Sopel97 · 2020-11-08T10:08:14Z

I think the crash is fixed now. It could have given many difference backtraces.

As for the cmake changes I'll change Release to RelWithDebInfo, but I'll refrain from adding gcc/clang specific flags and this is handled with properly setup CMAKE_BUILD_TYPE

vondele · 2020-11-08T10:11:27Z

python3 test_dll_call.py now works without segfault. Building is still '-O0'

vondele · 2020-11-08T10:18:08Z

At first sight no segfaults with training. Speed is low Epoch 0: : 1144it [04:24, 4.33it/s, loss=0.006, v_num=24] with GPU load about 10%. I'll try to manually add -O3 to the build. After that see if I can add the num_workers=32 or so.

Adding -O3 is much faster, 85% GPU load and Epoch 0: : 1825it [00:50, 35.92it/s, loss=0.004, v_num=25]

Sopel97 · 2020-11-08T10:25:19Z

Workers won't work. It has to be 0. This is because 1. sparse tensors. 2. we would need to handle it explicitely in our code.

36 it/s is 600k positions/s, nice.

Sopel97 · 2020-11-08T10:30:09Z

I've added the flags explicitely. It's weird that they are not added automatically. They are ignored for MSVC so no guarding needed.

vondele · 2020-11-08T10:58:29Z

Do Epochs still finish? It is at iteration 67000 and still at Epoch 0.

Sopel97 · 2020-11-08T11:03:11Z

Epochs won't finish. Normally with pytorch lightning an epoch is ended when the dataloader finishes. But since there's only one data loader I made it go cyclicly (infinitely) through the data. This is until the proper training data setup is done.

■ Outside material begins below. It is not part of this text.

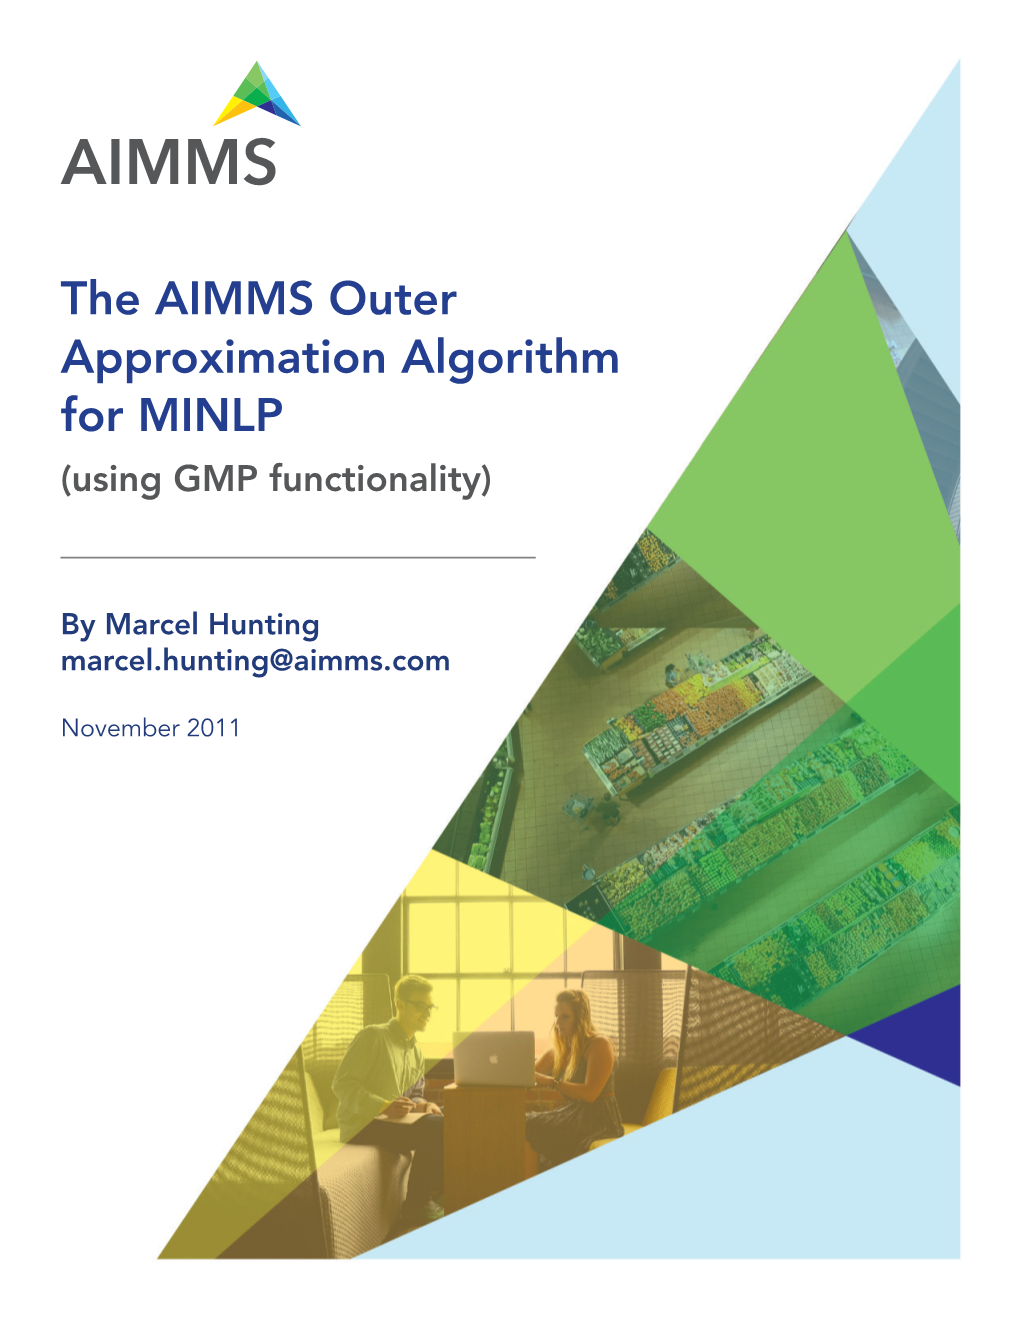 The AIMMS Outer Approximation Algorithm for MINLP (Using GMP Functionality)

IMO epochs shouldn't be tied to file size anyway because it's hard to manipulate their size then

vondele · 2020-11-08T14:06:17Z

If you clean up, maybe using something like:

diff --git a/external_nnue_data.py b/external_nnue_data.py
index 1102500..20c50df 100644
--- a/external_nnue_data.py
+++ b/external_nnue_data.py
@@ -2,7 +2,10 @@ import numpy as np
 import os
 import ctypes
 
-dll = ctypes.CDLL('c:/dev/nnue-pytorch/data_loader.dll')
+try:
+  dll = ctypes.CDLL('c:/dev/nnue-pytorch/data_loader.dll')
+except:
+  dll = ctypes.cdll.LoadLibrary('./libdata_loader.so')

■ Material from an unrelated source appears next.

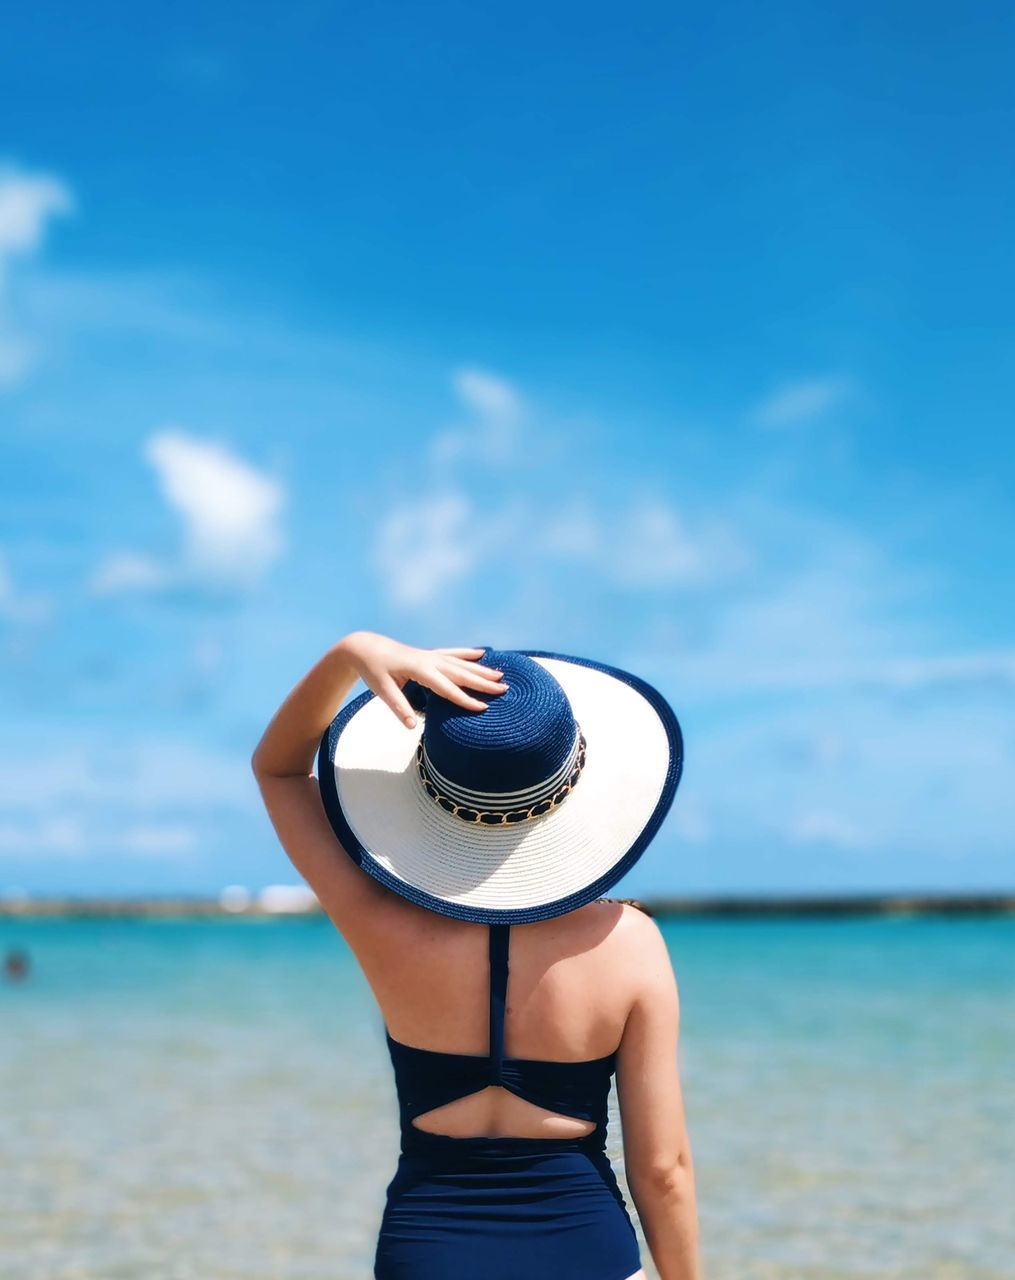 hat, one person, sea, clothing, sky, water, leisure activity, lifestyles, women, real people, vacations, beach, trip, holiday, day, adult, land, horizon, nature, horizon over water, outdoors, sun hat, turquoise colored

would be enough to make run on both linux and windows out of the box?

Sopel97 · 2020-11-08T18:42:24Z

@vondele I do glob for either of .dll or .so. I think it should be enough and it doesn't rely on exceptions from ctypes.

Overall I cleaned this up. I removed the old data loading as it's not used anymore. halfkp.py now only contains constants. Tensor storage is uncoupled from the feature set; the feature set is identified by a string name and can be chosen dynamically when creating a data stream. Changed a lot of names. Test (demo) is cleaned up. lib folder for the training data format library stuff.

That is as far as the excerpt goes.